Where His first footfall had cracked and blackened the Arena, His second footfall did the opposite. As His foot—the same foot that had moments ago threatened to shatter creation—settled upon the plain, a wave of pure, white-gold energy erupted from the point of impact. It was not fire, nor was it light as Eva or her father, Primordial Light, understood it. It was Life. Raw, unformed, and screaming with potential.
The wave washed out across the infinite plain of the Arena. Where it touched the blackened, cracked scars of His first step, miracles bloomed. The dead light surged back, not as sterile solidity, but as a living crystal that sang in harmonic frequencies.
Forests of silver trees erupted, their leaves chiming soft melodies. Rivers of liquid starlight began to flow through new-cut channels. The very air, which had been void of anything but primordial concepts, now thrummed with the breath of possibility, smelling of ozone and newborn rain.
Across all realities, the opposite occurred. Stars that had flickered out now roared back to life, not just reigniting, but burning with a new, fierce intensity.
Dying worlds felt their cores recharge; barren moons were suddenly veiled in nascent atmospheres. On countless worlds, in the moment of absolute despair that had followed the universal blackout, life erupted. Deserts bloomed. Sickly children were healed. The spark of sentience flickered in previously mindless creatures.
Reality had been experiencing a surge of regrowth and expansion when Rowan opened the Primordial vortexes and unleashed what remained of Eosah’s essence upon Reality. However, no matter how potent that essence was, it was from a dead Reality, but Rowan was alive, and like Eosah, he was a creator.
He did not release any of his essence into Reality; he did not need to. His presence was enough.
Annihilation and Creation were not two separate powers He wielded. They were the inhale and exhale of the same being. His first step was the ending necessary for the new beginning. His second step was the beginning itself.
He was not just the Killer of Primordials. He was the Ground of All Being. He was Reality itself. And His name was Eos.
The assembled gods remained on their faces, but now their prostration was infused with a new emotion: a bewildered, terrified hope. They had witnessed the end of all things and then its resurrection, all in two footsteps by the same entity.

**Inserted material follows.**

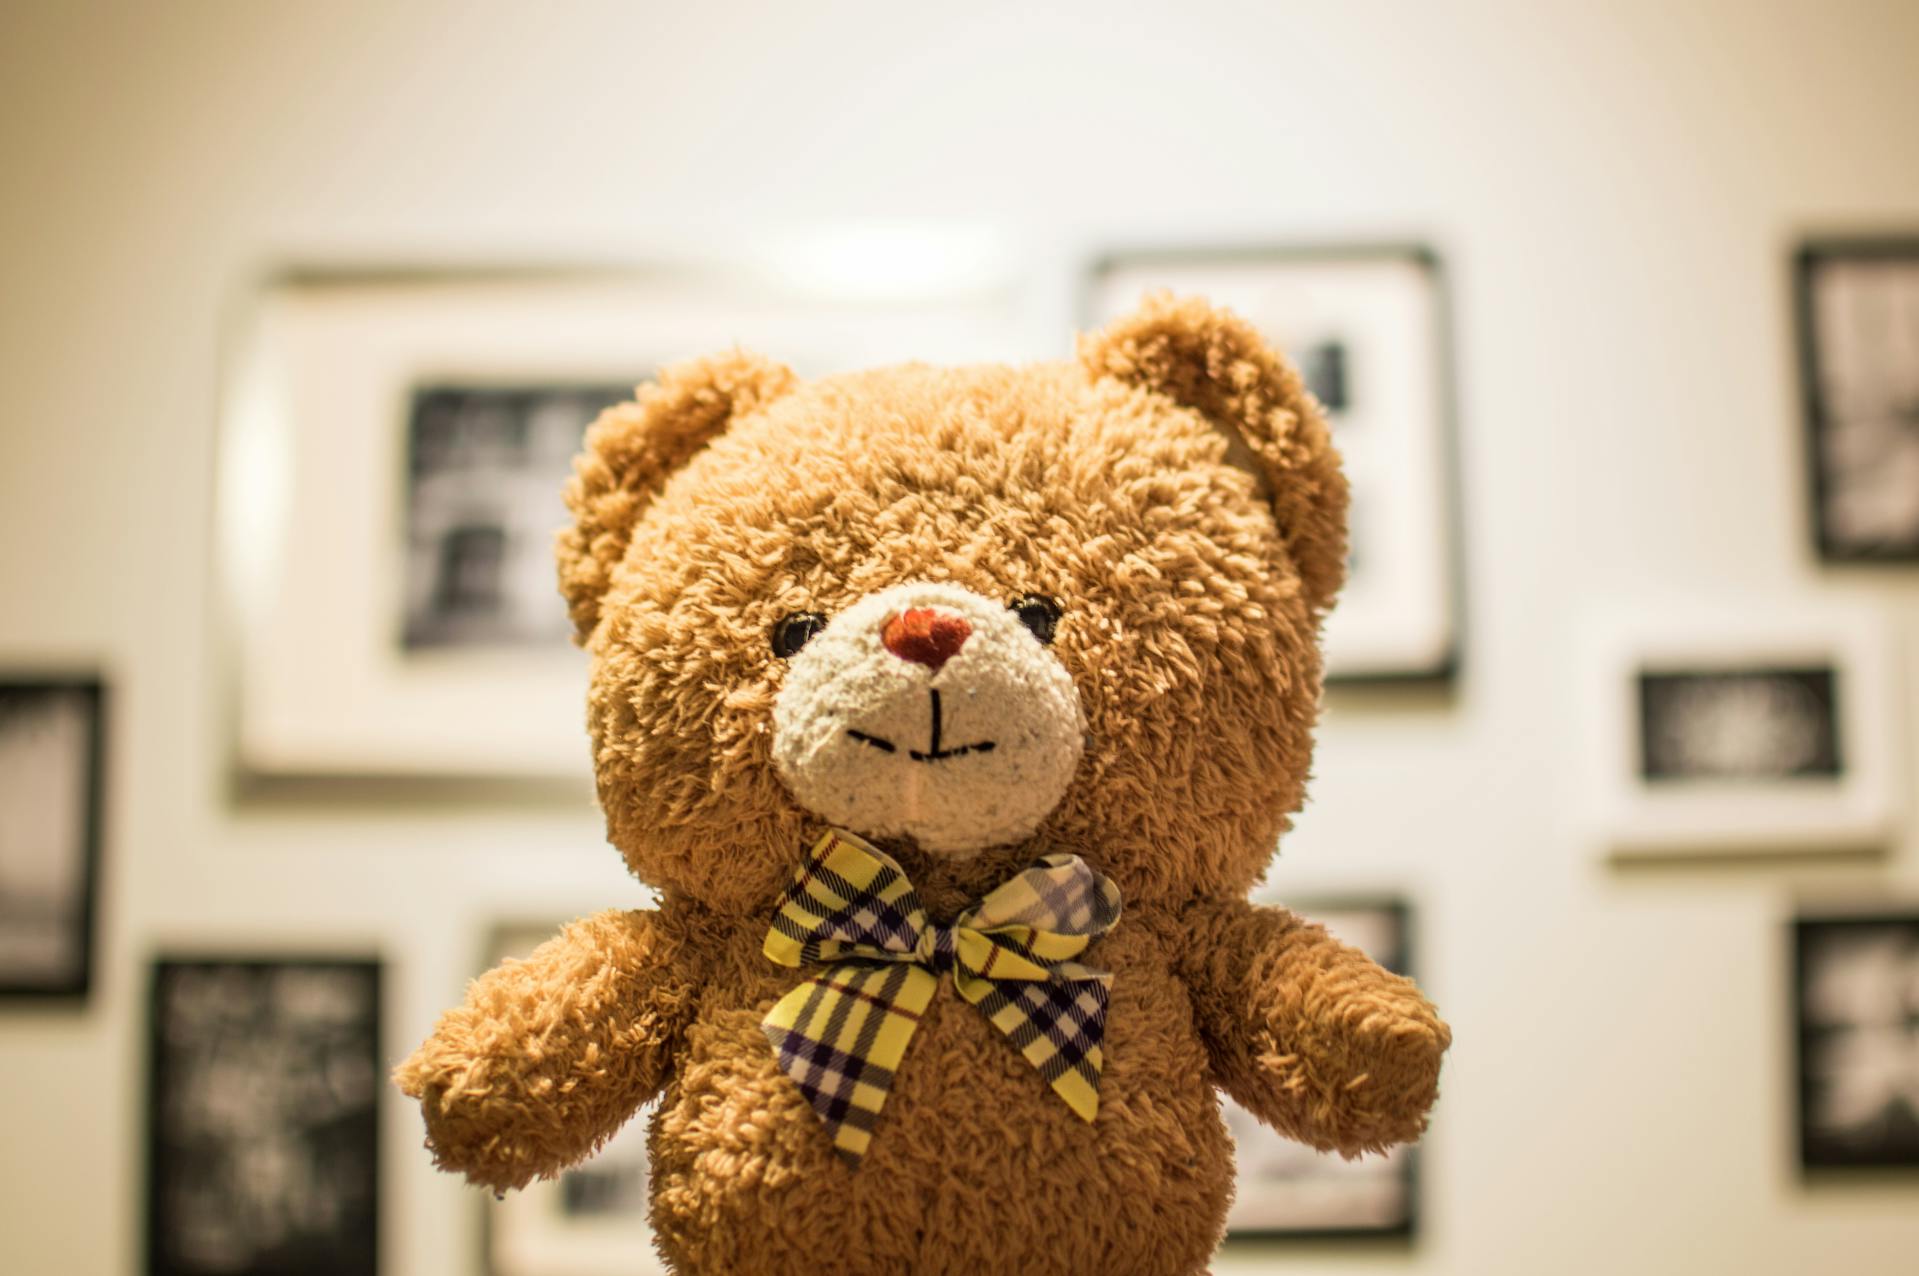 A brown teddy bear | Source: Pexels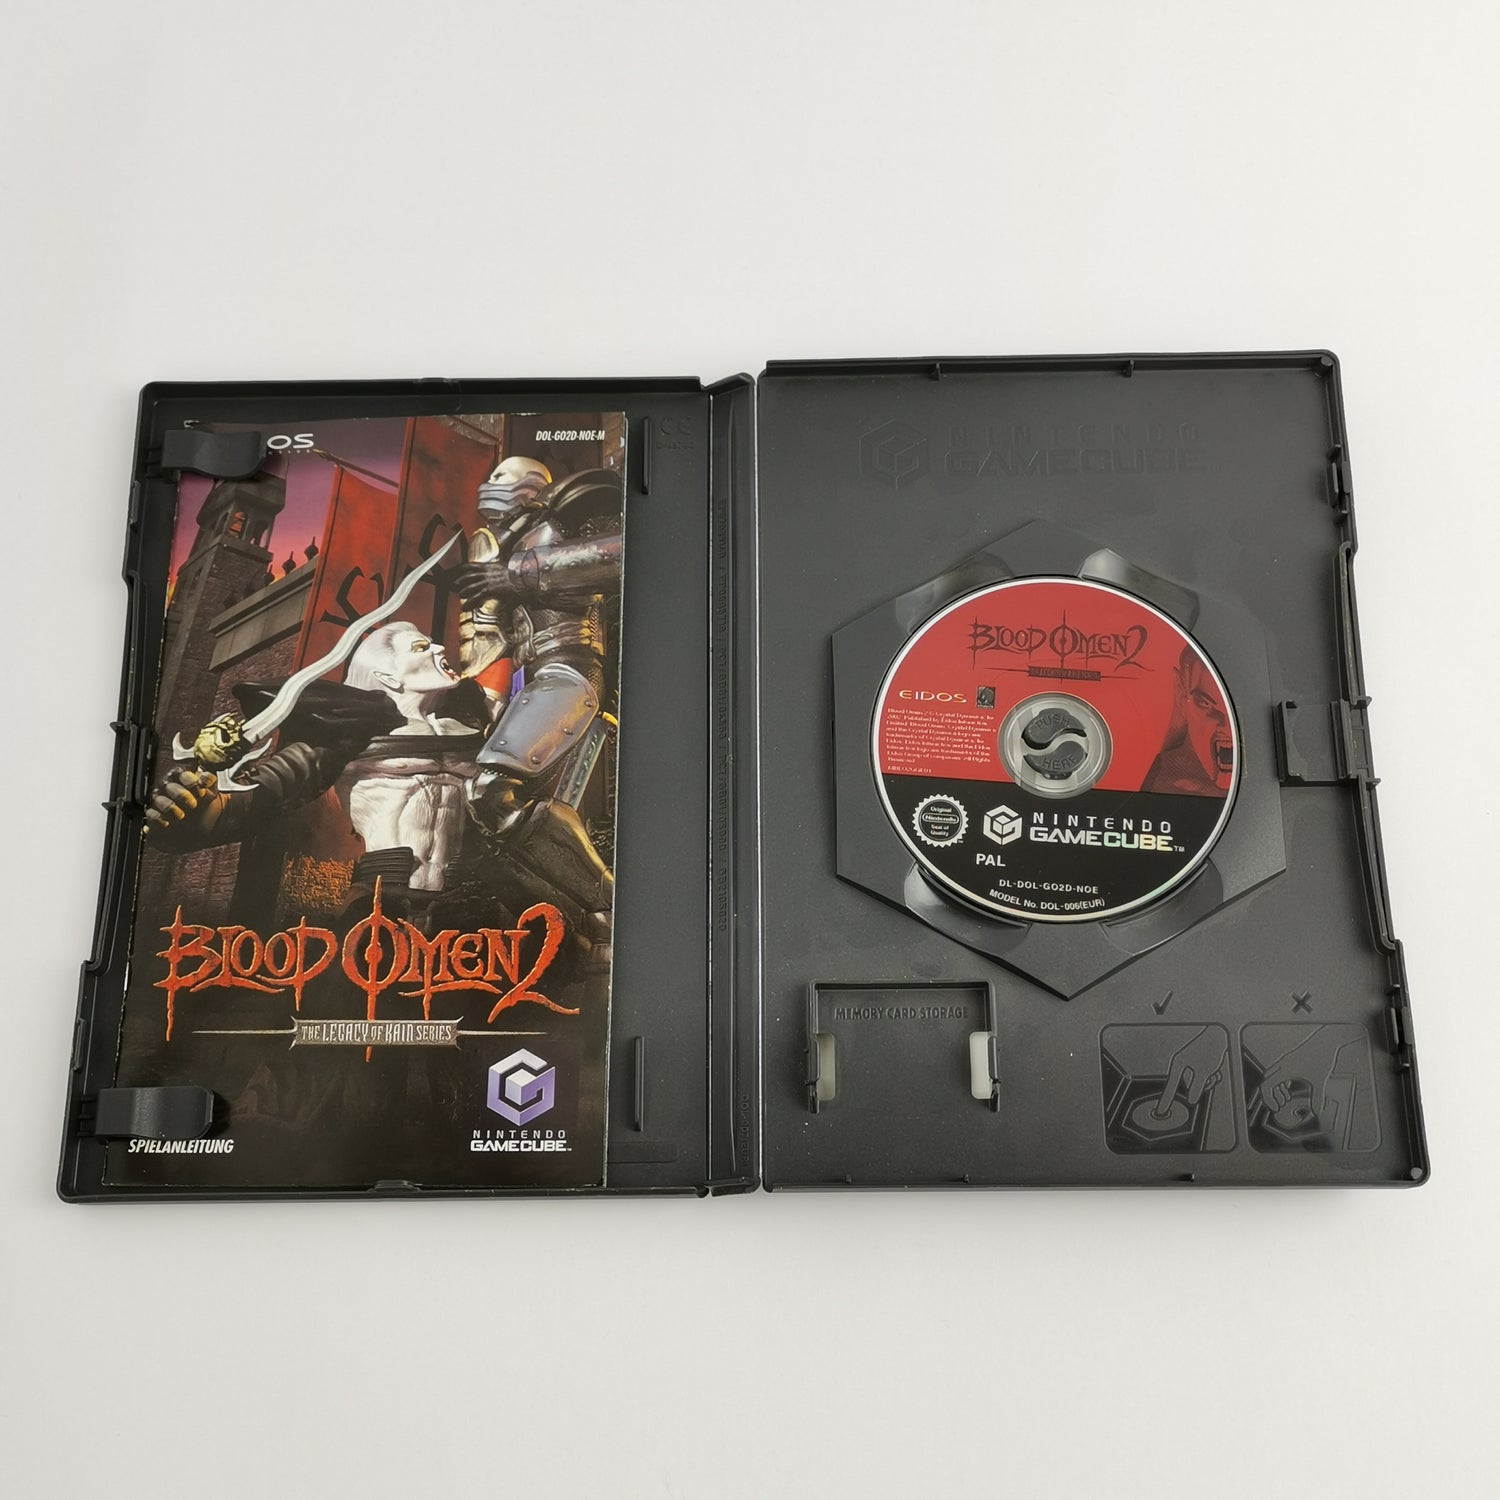 Nintendo Gamecube Game: Blood Omen 2 - Legacy of Kain Series | Original packaging PAL version

Rowan—Eos—stood once more in the center of the now-living, and singing Arena. This place, meant for spilling blood, had tasted the radiance of Rowan’s glory, and its essence had transformed. No matter how much power the Primordials poured into this Arena, they were not creators like Rowan, and the final spark that would allow this place to elevate into something else had to come from a being like him.
Rowan’s void-like eyes, which had moments ago promised absolute erasure, now held a different quality. They were still voids, but voids that contained the potential for all constellations, all stories, all loves and hates yet to be written. They were the silent dark before the Big Bang.
He did not look at the Celestials or Demons. He did not glance at the gathered gods or the cosmic leviathans. They were set dressing. Interesting patterns that flickered on the surface of his being, but of no more ultimate consequence than the foam on a wave is to the ocean.
His gaze, slow and tectonic, swept over the only beings in the assembly who constituted something approximating peers. The Primordials. They were not gods; they were the fundamental principles upon which gods themselves were built. And there were five of them here.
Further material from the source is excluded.